Re: [PATCH v2 4/4] sched/rt: Split cpupri_vec->cpumask to per NUMA node to reduce contention

From: K Prateek Nayak

Date: Thu Apr 02 2026 - 00:41:36 EST

Hello Chenyu,

Thank you for testing the changes! Much appreciated.

On 4/2/2026 8:45 AM, Chen, Yu C wrote:
> One suspicion is that with sbm enabled(without your patch), more
> tasks are "aggregated" onto the first CPU(or maybe the front part)
> in nohz.sbm, because sbm_for_each_set_bit() always picks the first
> idle CPU to pull work. As we already know, hackbench on our
> platform strongly prefers being aggregated rather than being
> spread across different LLCs. So with the spreading fix, the
> hackbench might be put to different CPUs.

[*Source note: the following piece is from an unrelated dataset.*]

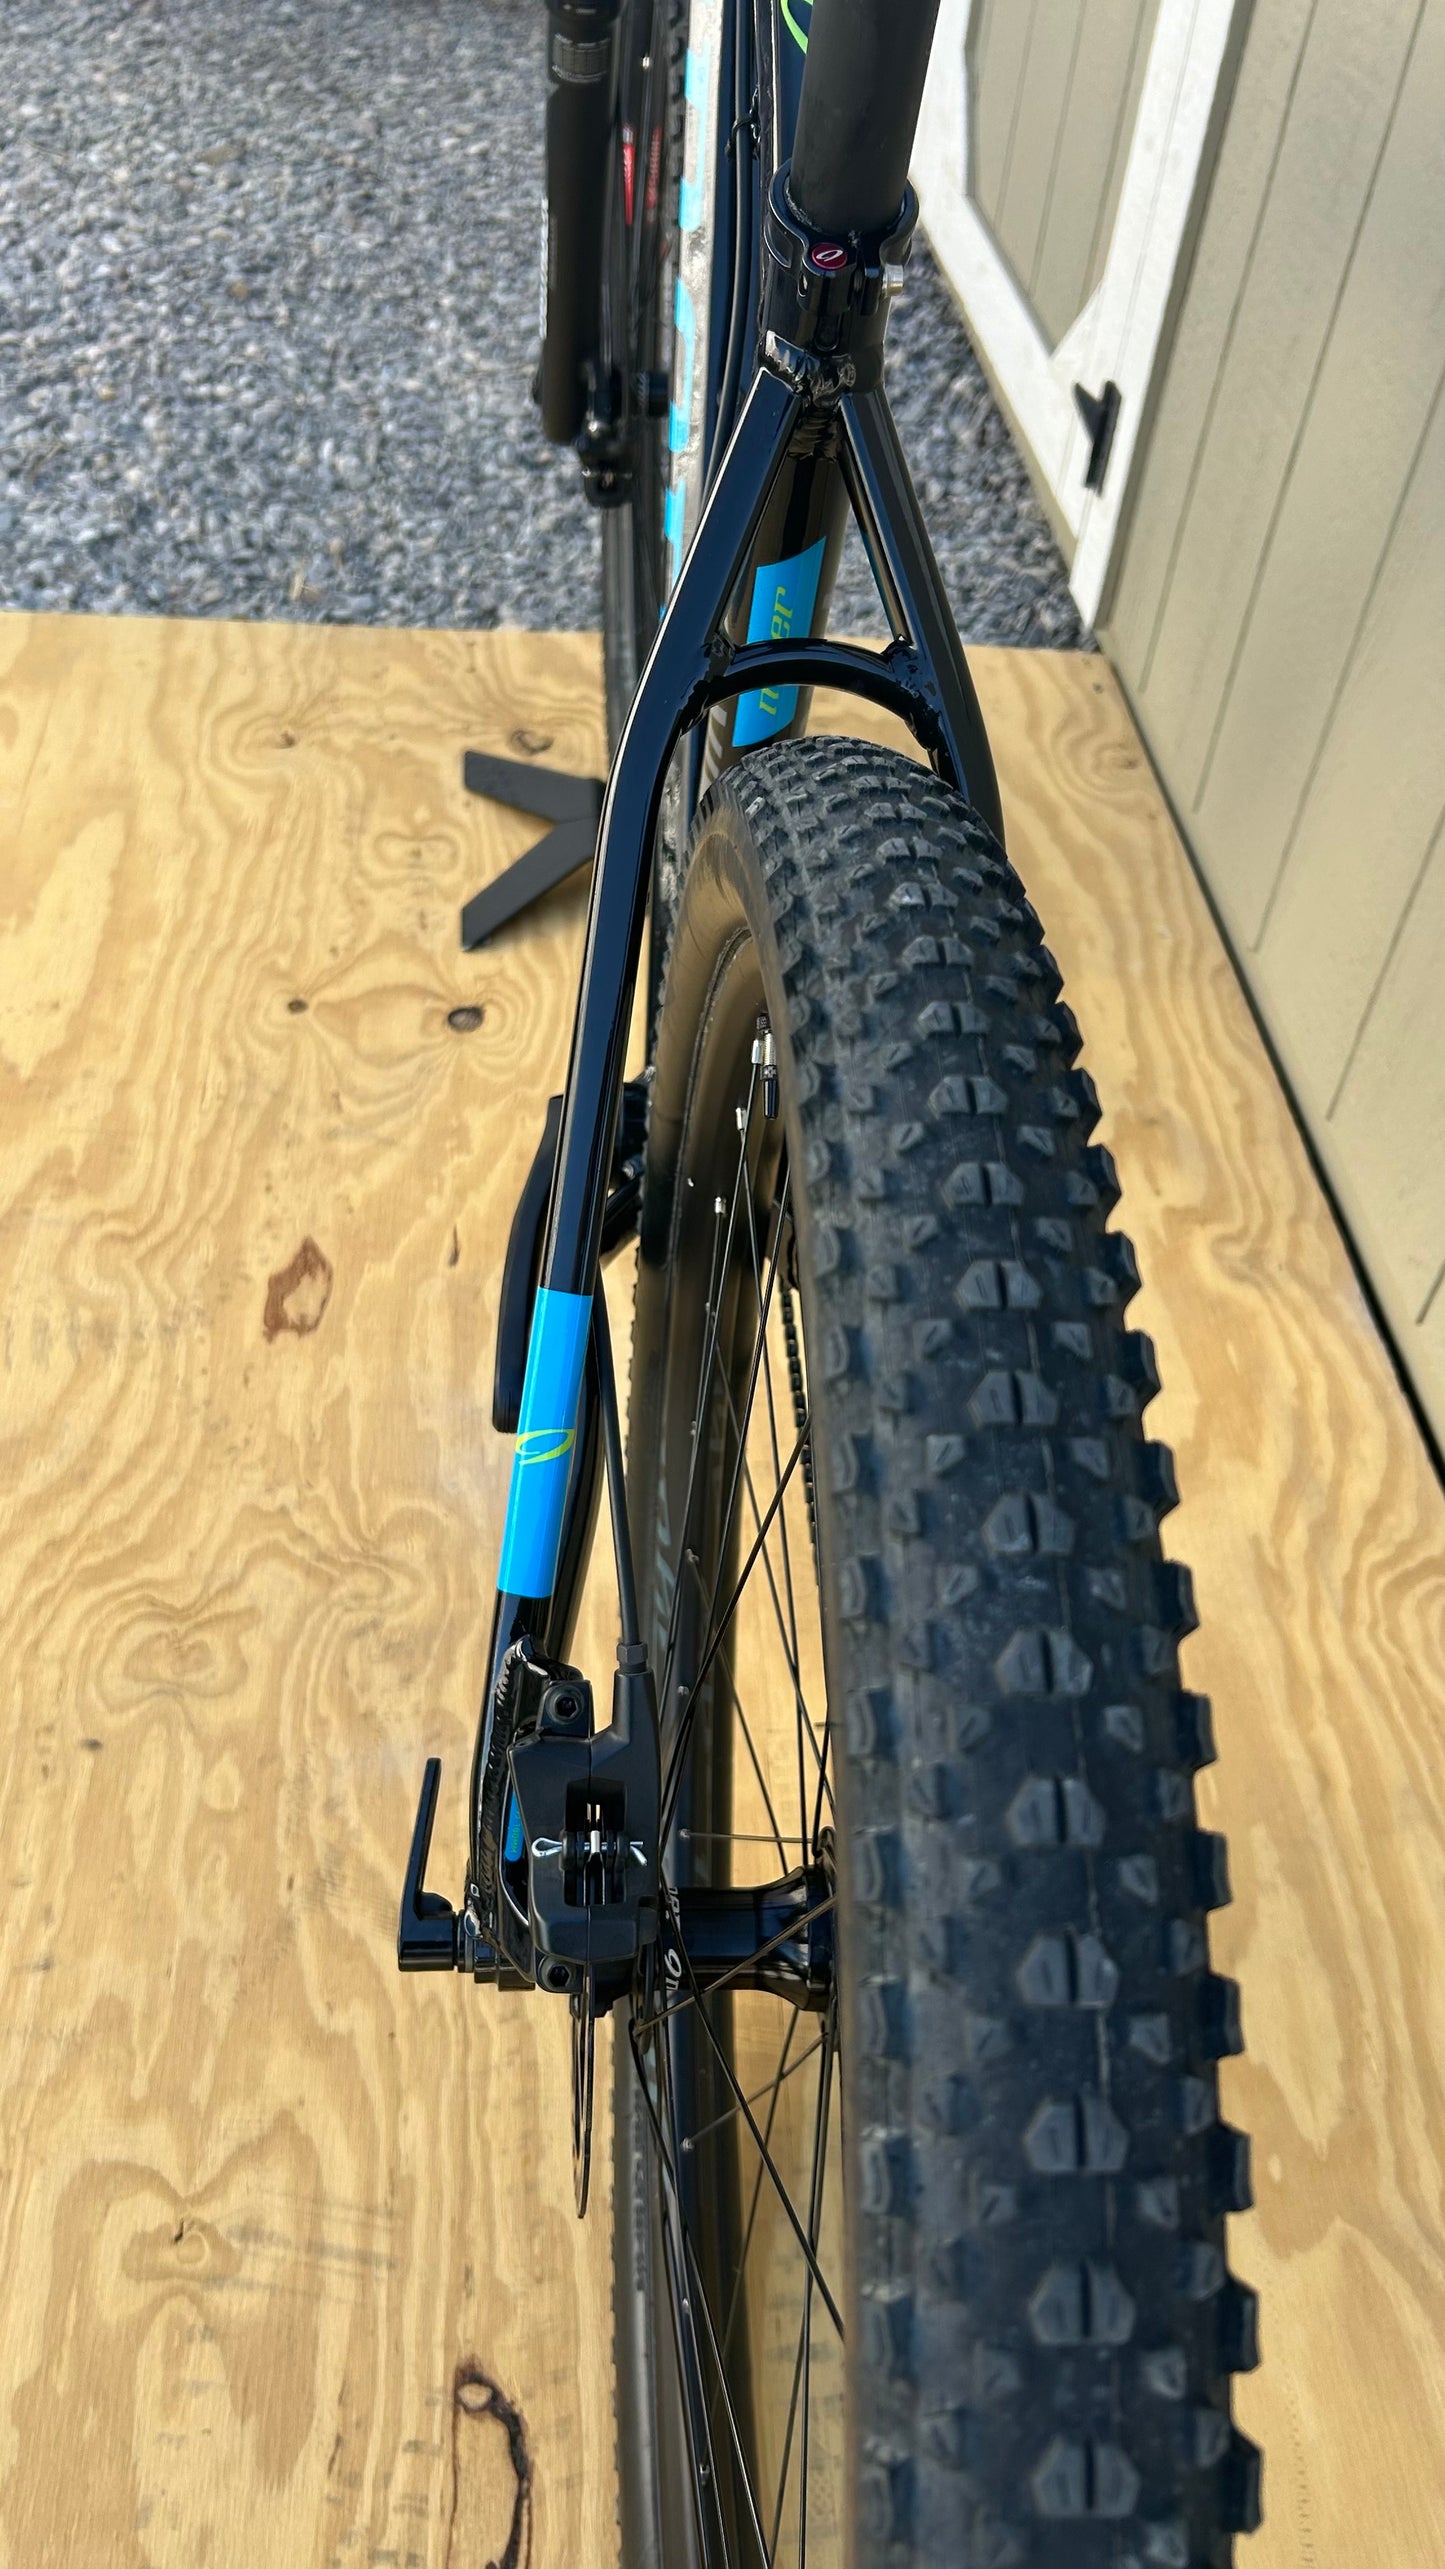 2019 Niner Air 9 Single Speed Large Mountain Bike Black/Blue
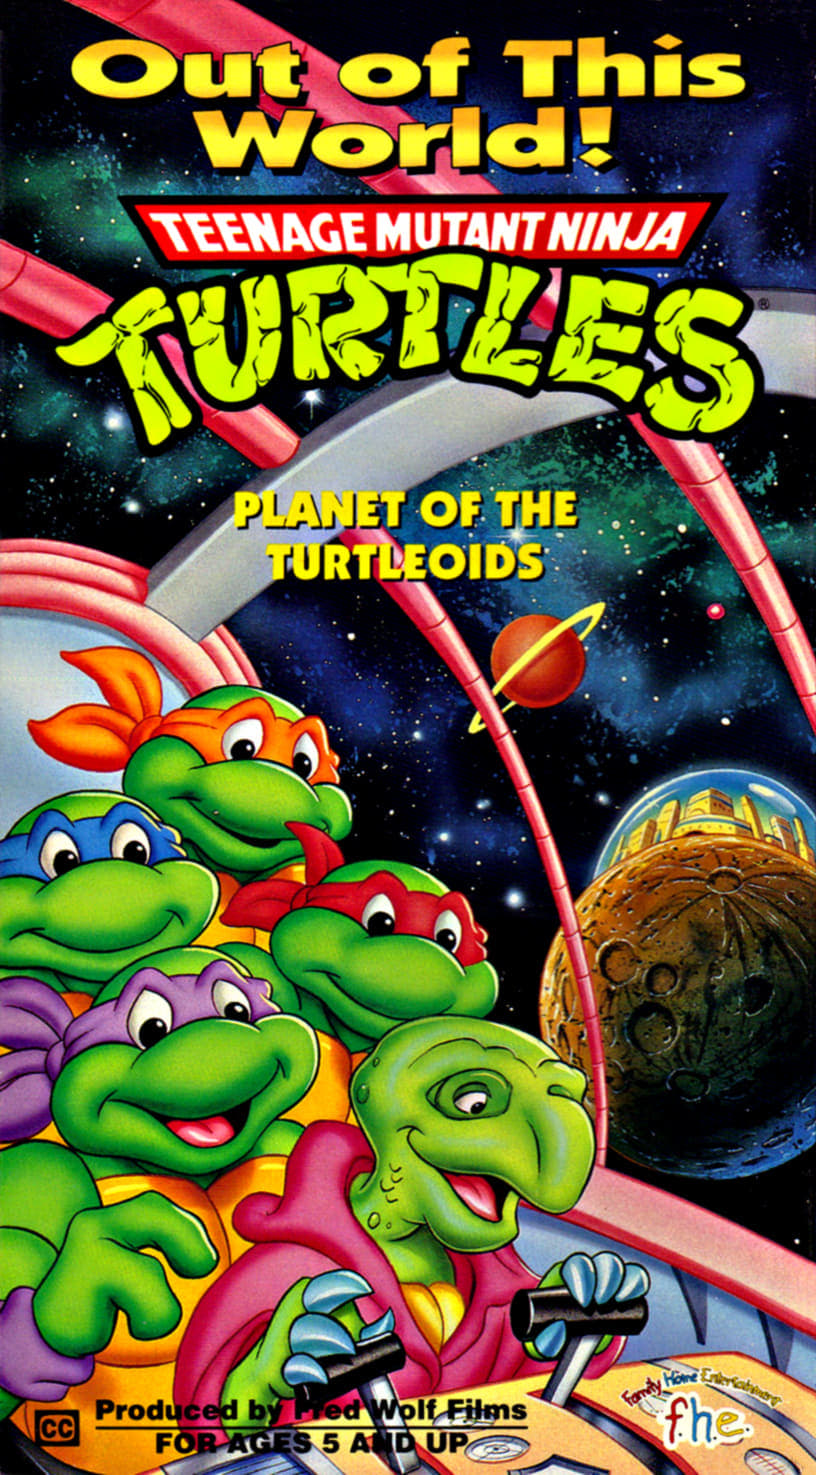 Teenage Mutant Ninja Turtles: Planet of the Turtleoids (1991)

Ack! But I cannot seem to come up with a theory on why it would be any
worse than original.

P.S. what does your SBM log in the dmesg look like? On my 3rd Generation
EPYC machine (2 x 64C/128T) it looks like:

CPU topo: SBM: shift(6) leafs(4) APIC(ff)

Now, I suppose I get 4 leaves because I have 128CPUs per socket
(2 x u64 per socket) but it is not super how it is achieved from
doing:

arch_sbm_shift = x86_topo_system.dom_shifts[TOPO_DIE_DOMAIN] - 1;

that divides TOPO_DIE_DOMAIN into two but that should only be okay
until 128CPUs per DIE.

It is still not super clear to me how the logic deals with more than
128CPUs in a DIE domain because that'll need more than the u64 but
sbm_find_next_bit() simply does:

tmp = leaf->bitmap & mask; /* All are u64 */

expecting just the u64 bitmap to represent all the CPUs in the leaf.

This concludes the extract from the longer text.